Sunday School Trial of JesusMark Smith
 
Ss sep11 2016_apologetics
Ss sep11 2016_apologeticsSs sep11 2016_apologetics
Ss sep11 2016_apologeticsMark Smith
 
Ss aug28 2016_apologetics
Ss aug28 2016_apologeticsSs aug28 2016_apologetics
Ss aug28 2016_apologeticsMark Smith
 
Big data meet_up_08042016
Big data meet_up_08042016Big data meet_up_08042016
Big data meet_up_08042016Mark Smith
 

Más de Mark Smith (10)

Ss jan19 2020_isafepeople
Ss jan19 2020_isafepeopleSs jan19 2020_isafepeople
Ss jan19 2020_isafepeople
 
Ss jan12 2020_introboundaries
Ss jan12 2020_introboundariesSs jan12 2020_introboundaries
Ss jan12 2020_introboundaries
 
Ss dec092018genesis
Ss dec092018genesisSs dec092018genesis
Ss dec092018genesis
 
The Bridge Sunday School. Acts Prayer Model Week 1
The Bridge Sunday School. Acts Prayer Model Week 1The Bridge Sunday School. Acts Prayer Model Week 1
The Bridge Sunday School. Acts Prayer Model Week 1
 
The Bridge Sunday School. Acts Prayer Model Week 2
The Bridge Sunday School. Acts Prayer Model Week 2The Bridge Sunday School. Acts Prayer Model Week 2
The Bridge Sunday School.

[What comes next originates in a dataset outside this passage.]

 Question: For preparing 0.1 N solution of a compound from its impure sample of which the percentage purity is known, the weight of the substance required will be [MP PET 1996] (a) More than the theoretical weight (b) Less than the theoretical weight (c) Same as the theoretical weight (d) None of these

Acts Prayer Model Week 2
 
Data Pipeline for The Big Data/Data Science OKC
Data Pipeline for The Big Data/Data Science OKCData Pipeline for The Big Data/Data Science OKC
Data Pipeline for The Big Data/Data Science OKC
 
Sunday School Trial of Jesus
Sunday School Trial of JesusSunday School Trial of Jesus
Sunday School Trial of Jesus
 
Ss sep11 2016_apologetics
Ss sep11 2016_apologeticsSs sep11 2016_apologetics
Ss sep11 2016_apologetics
 
Ss aug28 2016_apologetics
Ss aug28 2016_apologeticsSs aug28 2016_apologetics
Ss aug28 2016_apologetics
 
Big data meet_up_08042016
Big data meet_up_08042016Big data meet_up_08042016
Big data meet_up_08042016
 

Último

Unlocking the Future of AI Agents with Large Language Models
Unlocking the Future of AI Agents with Large Language ModelsUnlocking the Future of AI Agents with Large Language Models
Unlocking the Future of AI Agents with Large Language Modelsaagamshah0812
 
%+27788225528 love spells in Vancouver Psychic Readings, Attraction spells,Br...

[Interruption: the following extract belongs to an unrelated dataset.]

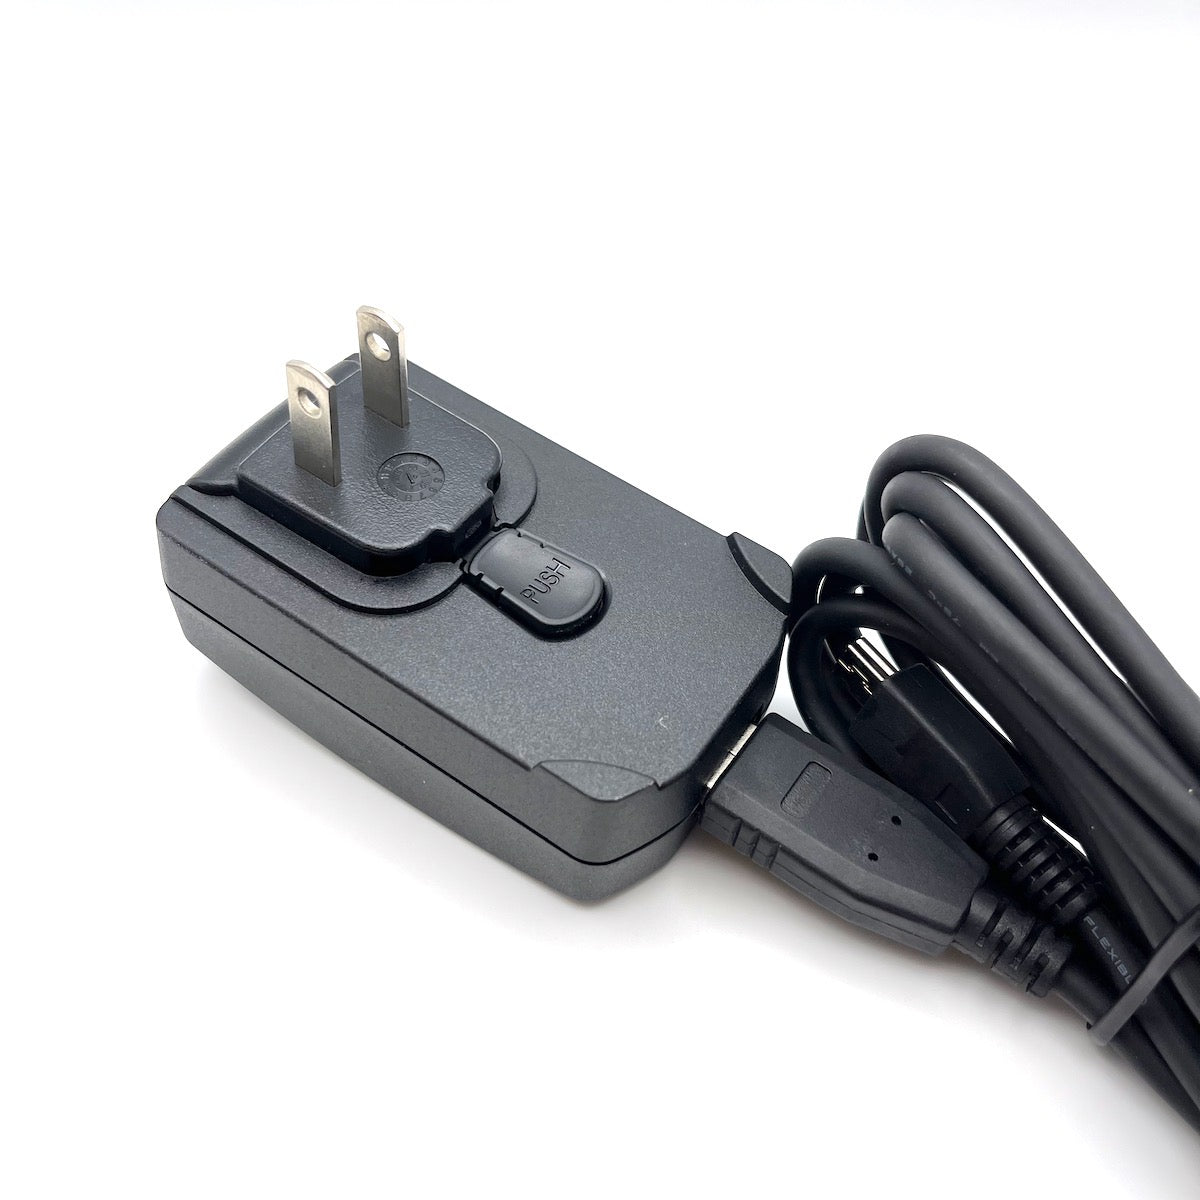 Adapter KIT AC 220V DC 12V for Garmin T5 KIT with cable and clip New

%+27788225528 love spells in Vancouver Psychic Readings, Attraction spells,Br...%+27788225528 love spells in Vancouver Psychic Readings, Attraction spells,Br...

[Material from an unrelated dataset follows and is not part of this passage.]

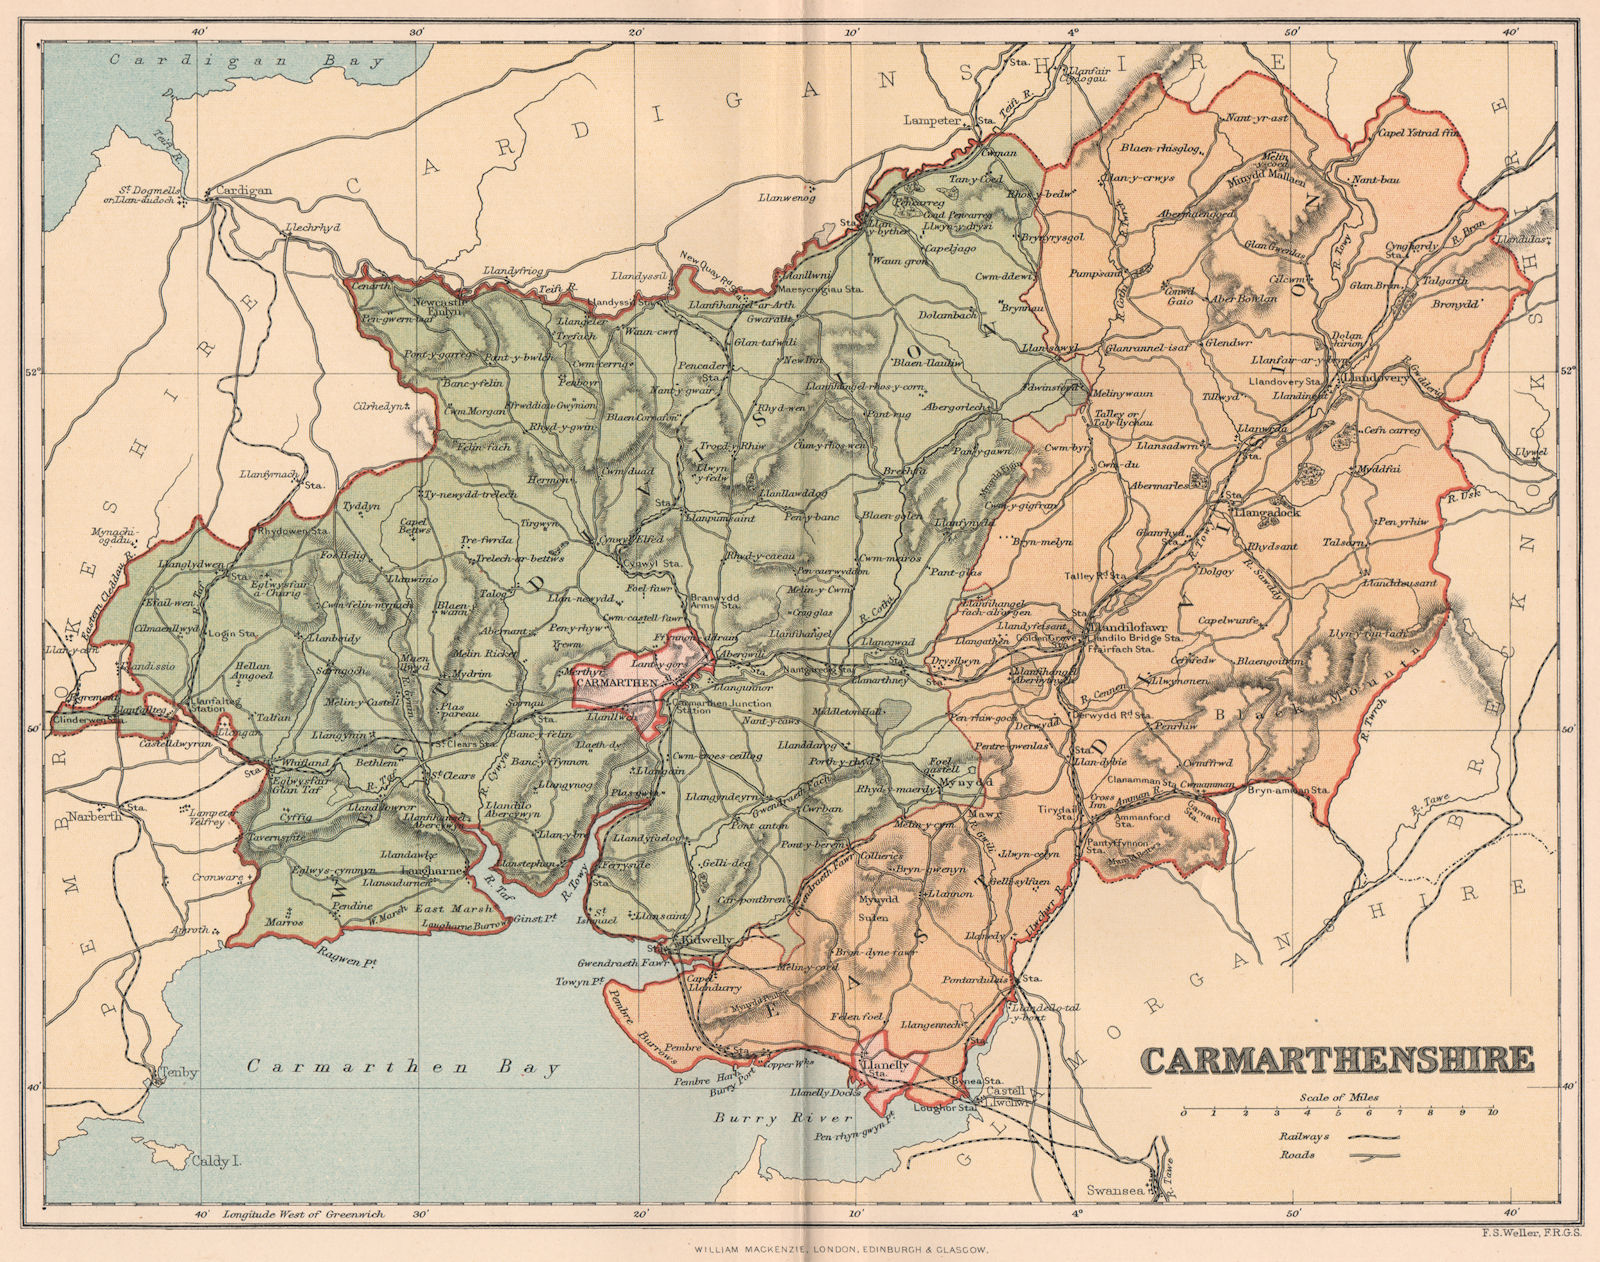 Associate Product CARMARTHENSHIRE. Antique county map. Wales 1893 old plan chart

%+27788225528 love spells in Vancouver Psychic Readings, Attraction spells,Br...masabamasaba
 
%in kempton park+277-882-255-28 abortion pills for sale in kempton park
%in kempton park+277-882-255-28 abortion pills for sale in kempton park %in kempton park+277-882-255-28 abortion pills for sale in kempton park
%in kempton park+277-882-255-28 abortion pills for sale in kempton park masabamasaba
 
The title is not connected to what is inside
The title is not connected to what is insideThe title is not connected to what is inside
The title is not connected to what is insideshinachiaurasa2
 
%in Harare+277-882-255-28 abortion pills for sale in Harare
%in Harare+277-882-255-28 abortion pills for sale in Harare%in Harare+277-882-255-28 abortion pills for sale in Harare
%in Harare+277-882-255-28 abortion pills for sale in Hararemasabamasaba
 
Generic or specific? Making sensible software design decisions
Generic or specific? Making sensible software design decisionsGeneric or specific? Making sensible software design decisions
Generic or specific? Making sensible software design decisionsBert Jan Schrijver
 
Direct Style Effect Systems - The Print[A] Example - A Comprehension Aid
Direct Style Effect Systems -The Print[A] Example- A Comprehension AidDirect Style Effect Systems -The Print[A] Example- A Comprehension Aid
Direct Style Effect Systems - The Print[A] Example - A Comprehension AidPhilip Schwarz
 
call girls in Vaishali (Ghaziabad) 🔝 >༒8448380779 🔝 genuine Escort Service 🔝✔️✔️
call girls in Vaishali (Ghaziabad) 🔝 >༒8448380779 🔝 genuine Escort Service 🔝✔️✔️call girls in Vaishali (Ghaziabad) 🔝 >༒8448380779 🔝 genuine Escort Service 🔝✔️✔️
call girls in Vaishali (Ghaziabad) 🔝 >༒8448380779 🔝 genuine Escort Service 🔝✔️✔️Delhi Call girls
 
Right Money Management App For Your Financial Goals
Right Money Management App For Your Financial GoalsRight Money Management App For Your Financial Goals
Right Money Management App For Your Financial GoalsJhone kinadey
 
10 Trends Likely to Shape Enterprise Technology in 2024
10 Trends Likely to Shape Enterprise Technology in 202410 Trends Likely to Shape Enterprise Technology in 2024
10 Trends Likely to Shape Enterprise Technology in 2024Mind IT Systems
 
%+27788225528 love spells in Boston Psychic Readings, Attraction spells,Bring...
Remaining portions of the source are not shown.